Девушка с неодобрением взглянула на Шестакова.
– Хорошо. Как скажете. Только я предупрежу матушку Веру…
Шестаков выждал некоторое время, убедился, что Шура не собирается возвращаться, и заклинил двери тумбочкой.
– Чтобы никто не помешал, – пояснил он.
Искра Сергеевна кивнула.
– Вас зовут Дмитрий?
– Да, – подтвердил Шестаков.
– Это с вами я вела заоблачные беседы?
– Со мной. – Шестаков нервно прокашлялся. – Как вы это делали? Вы не представляете, как долго я вас искал.
– Я тоже долго ждала, так что преамбулу опустим. Детали уже тоже не важны. Если вы действительно занимались практическими исследованиями в области мемной репликации, то захотите получить ответы на свои вопросы…
– Очень захочу. Я давно пытаюсь понять механизм эффективной защиты от паразитной информации. Он существует вообще?
– У вас есть дети, Дмитрий? Я так думала, что нет. Если бы были, вы поняли бы мою теорию эволюционных матриц гораздо быстрей. Человеческий мозг в ходе эволюции приспособился к тому, чтобы мгновенно впитывать и перерабатывать любые информационные продукты. Маленький ребенок обучается основам родного языка всего за полгода. За несколько лет он перенимает обширный словарь разговорной речи, сложнейшие правила синтаксиса и семантики. Взрослые люди тоже обучаются. Они копируют друг у друга манеру двигаться, говорить, одеваться. Мы все очень подвержены чужим влияниям. Человек запрограммирован на то, чтобы быстро усваивать полезную информацию. А если он так запрограммирован, то есть ли у него шансы сохранить устойчивость к информации вредной или даже опасной?
– Не уверен, что я правильно вас понимаю, – признался Шестков.
– Хорошо. Зайдем с другой стороны. Вы когда-нибудь задумывались о механизме работы живой клетки? Клетка – это, по сути, предприятие по копированию ДНК. Наши клетки копируют ДНК даже с большим усердием, чем дети копируют поведенческие стереотипы родителей. Неудивительно, что усердная клетка привлекает к себе внимание с стороны всех деклассированных генетических элементов – вирусов, вироидов, плазмидов. Их паразитическая ДНК практически неотличима от ДНК хозяина, и она ловко встраивается в хромосому. Единственное отличие – способ распространения. Законная ДНК нацелена на передачу себя по сложному пути, через сперматозоиды и яйцеклетки. А паразитическая ДНК ищет всегда самые быстрые пути в будущее, предпочитая распространяться через слюну, слизистые выделения и кровь. Человеческий мозг в качестве репликатора, безусловно, уступает клетке в точности копирования, иногда мы подчиняемся порядку, предписанному другими, иногда нет. Но различные массовые сумасшествия, среди которых лично я на первое место поставила бы мировые религии, свидетельствуют, что человеческий мозг, особенно в молодости, обладает теми же качествами, которые благоприятны для существования информационных паразитов. Да что там говорить, он просто не может работать иначе. Вспомните историю компьютерных вирусов. В итоге, они стали развиваться в сторону интеграции с другими вирусами и официальным программными ядрами, формируя легитимные вирусные сообщества. А как выглядят наши геномы? Фактически это те же гигантские колонии вирусов. Гены кооперируются в геномы, потому что естественный отбор благоприятствует генам, процветающим в присутствии других генов.

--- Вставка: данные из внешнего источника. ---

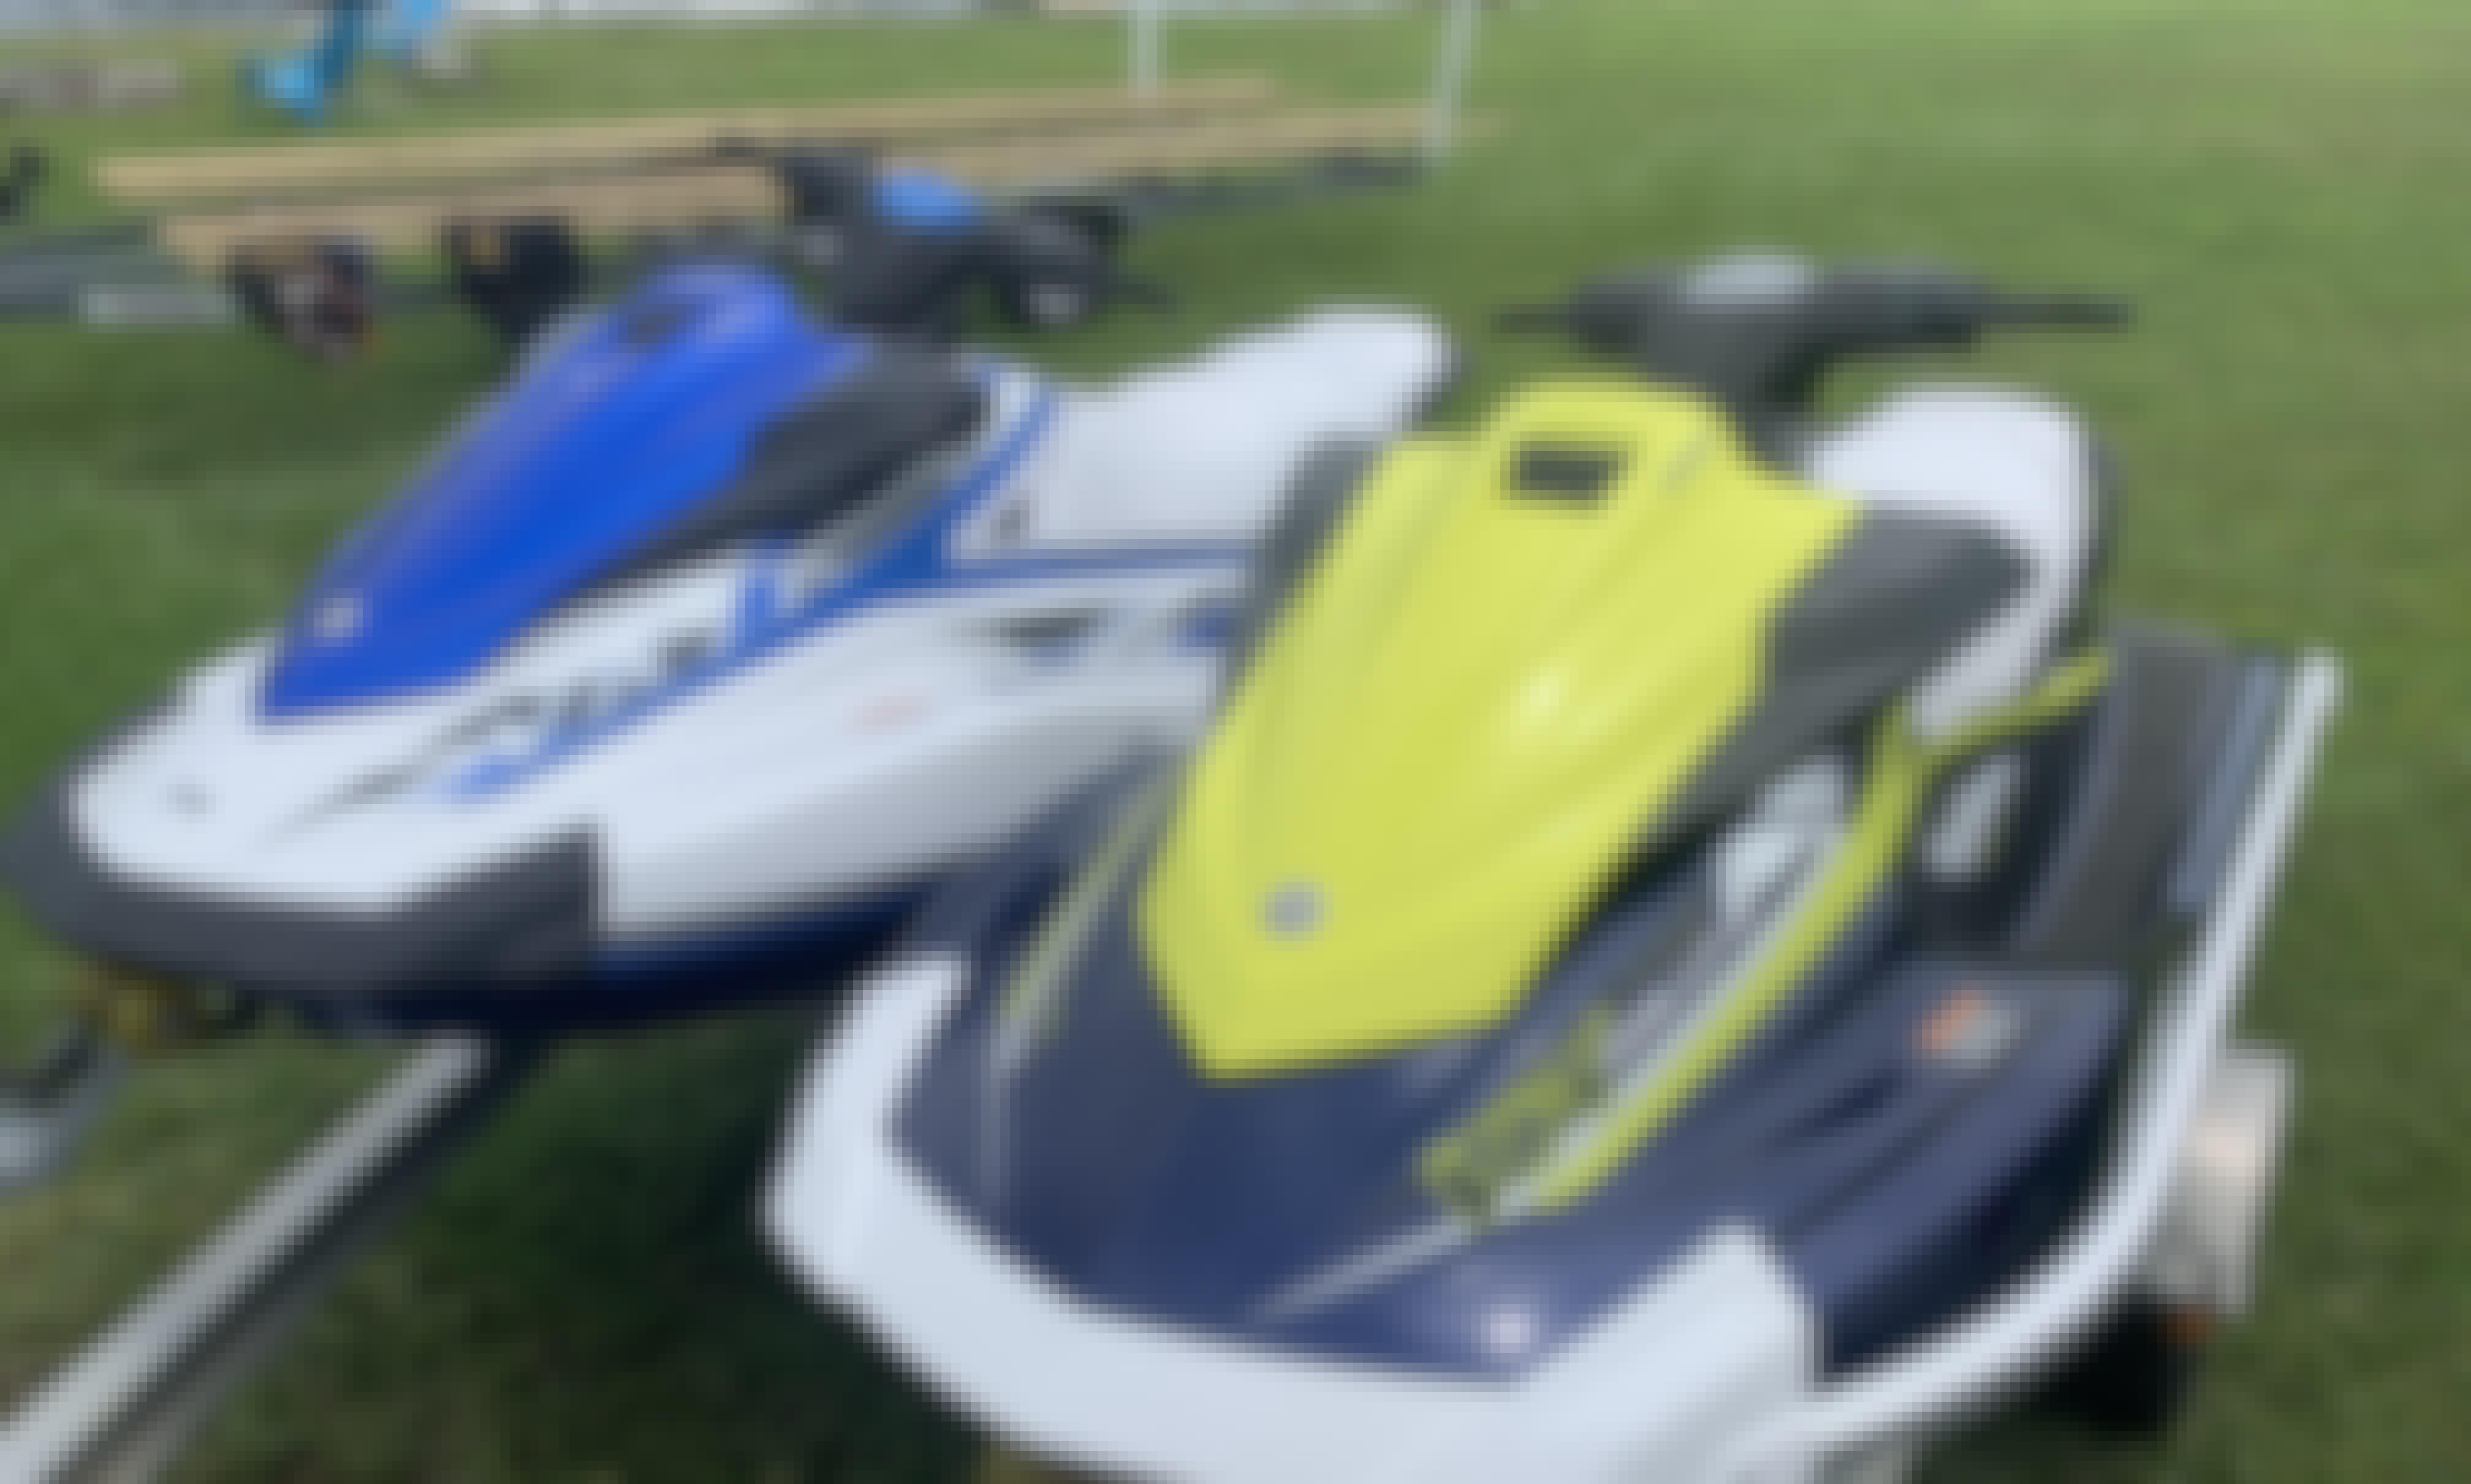 2020 Yamaha Jet Skis delivered in SWFL

– Вы хотите мне сказать, что человек – это лишь набор мемокомплексов?
– Слава Господу, сообразили, – обрадовалась пожилая женщина. – К сожалению, да. Таковы факты. Мыслительный процесс современного человека – это непрерывное выдувание бесконечного множества ментальных оболочек, заполненных мемокомплексами. Как и лучшие компьютерные вирусы, самые живучие когнитивные вирусы стараются быть незаметными для их носителя. Даже если ваш мозг поражен, вы никогда об этом не догадаетесь. Более того, даже не задумаетесь на эту тему. И будете яростно отрицать даже саму вероятность поражения. Нет, теоретически излечить человечество можно. Но на практике полное излечение будет означать лишение человечества даже того небольшого количества разума, который у него еще остался…
Искра Сергеевна прикрыла глаза и откинулась на спинку инвалидного кресла.
– Вам плохо? – заволновался Шестаков.
– Нет, мне очень хорошо. Вот только организм сильно изношен, и стал часто давать сбои. Извините, Дмитрий, я сильно устала. Позовите Веру Ильиничну. А с вами мы продолжим нашу беседу завтра. Только слишком рано не приходите. Дайте мне время подготовиться. Я подберу для вас кое-какие материалы в своем архиве…
От предложения матушки Веры задержаться на обед Шестаков категорически отказался. Попросил только бутылку воды с собой. Вместе с водой ему выдали витаминный комплекс, сахарный концентрат, буханку плотного серого хлеба в вакуумной упаковке, и тушеные яйца. Все это Шестаков принял с благодарностью, поскольку голод уже давал о себе знать сильной слабостью.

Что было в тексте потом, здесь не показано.